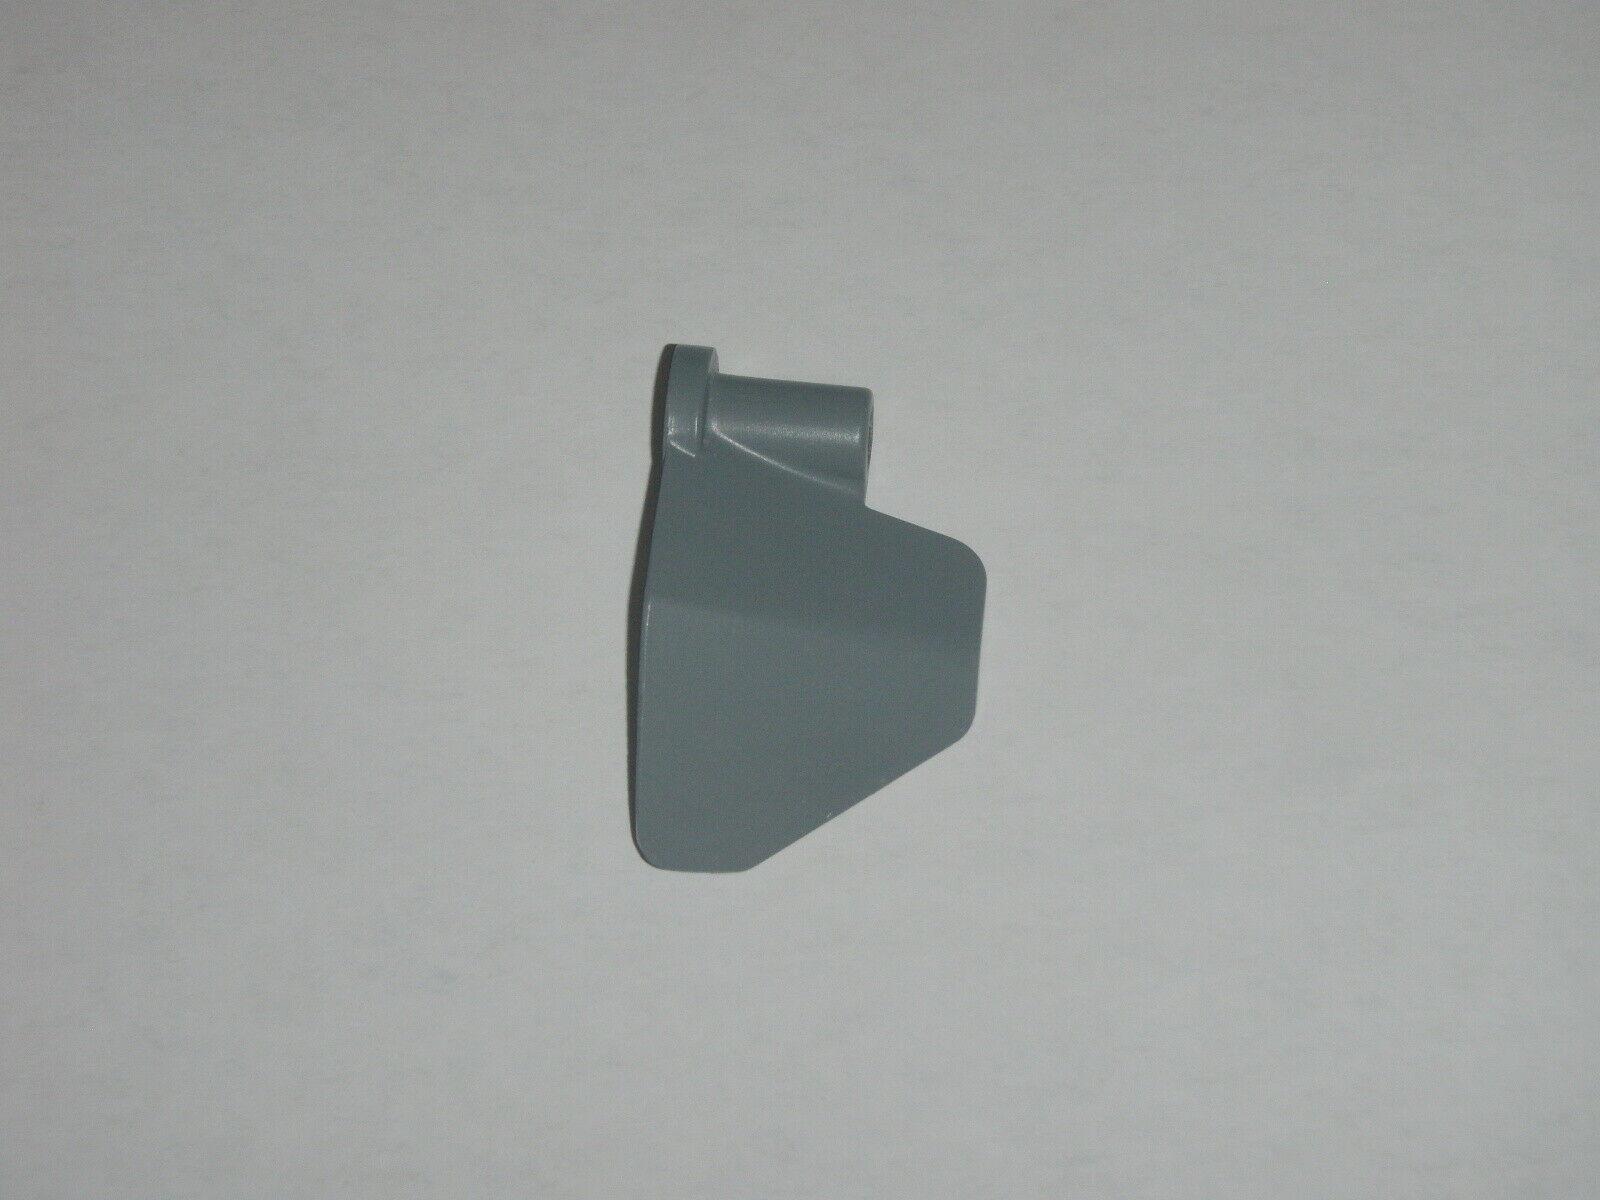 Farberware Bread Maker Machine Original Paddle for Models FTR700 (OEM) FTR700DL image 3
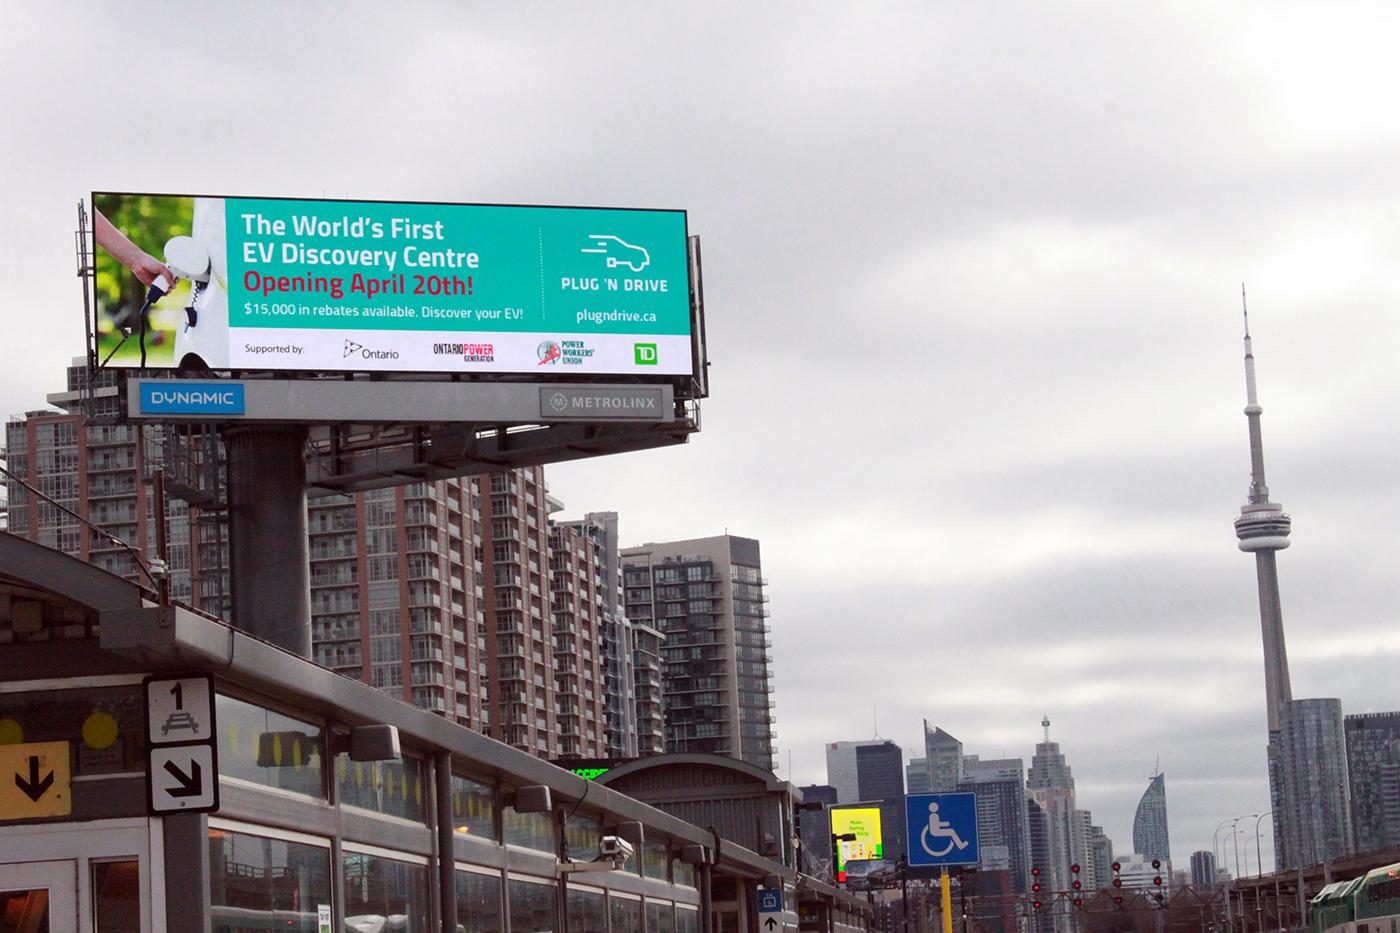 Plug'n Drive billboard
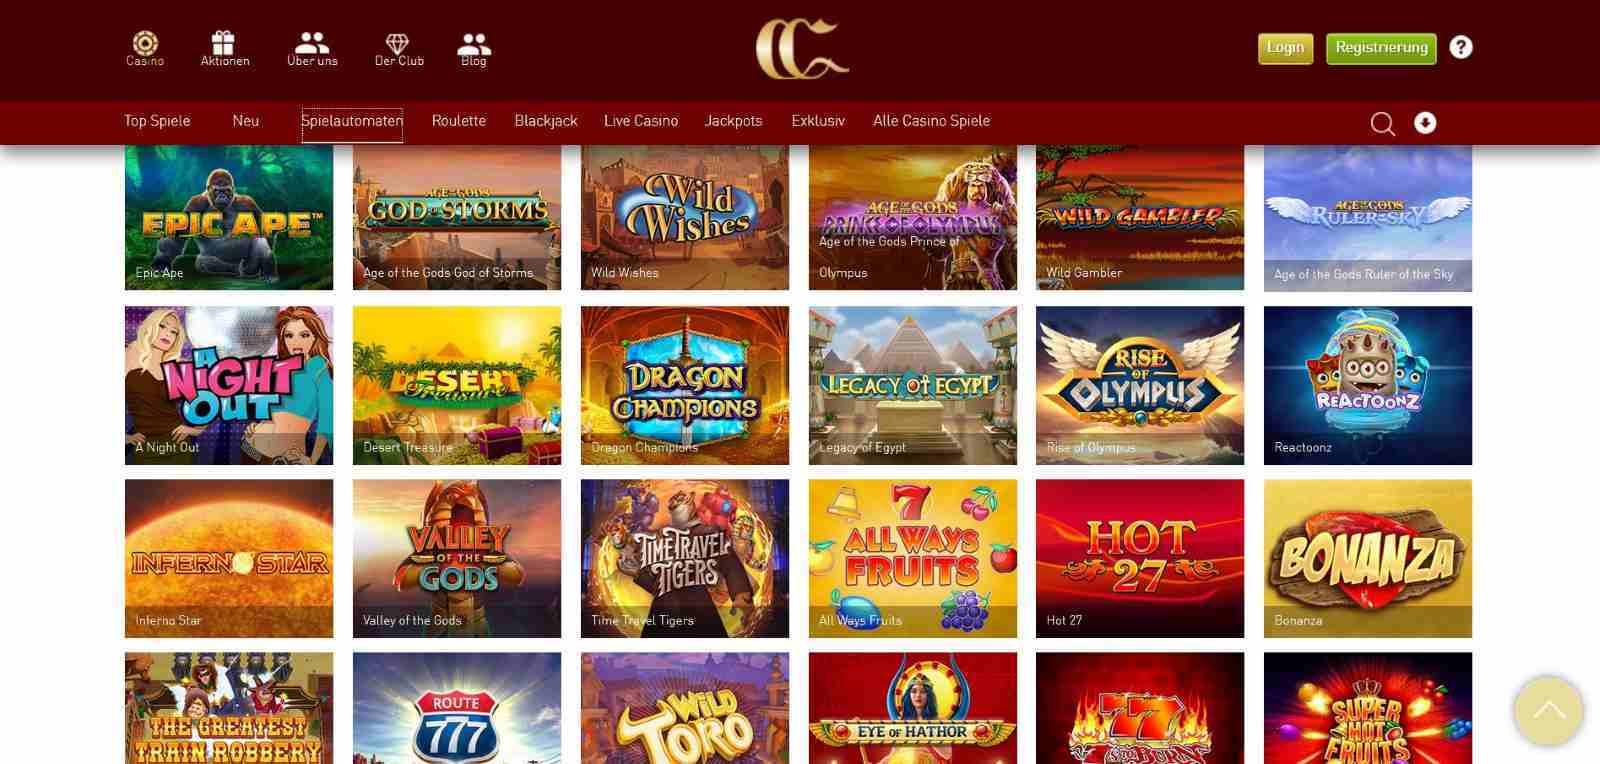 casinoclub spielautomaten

### Task brief
Repeat the data above in full and exactly. Omit every image.

### Task output
 Farberware Bread Maker Machine Original Paddle for Models FTR700 (OEM) FTR700DL image 3
 Plug'n Drive billboard
 casinoclub spielautomaten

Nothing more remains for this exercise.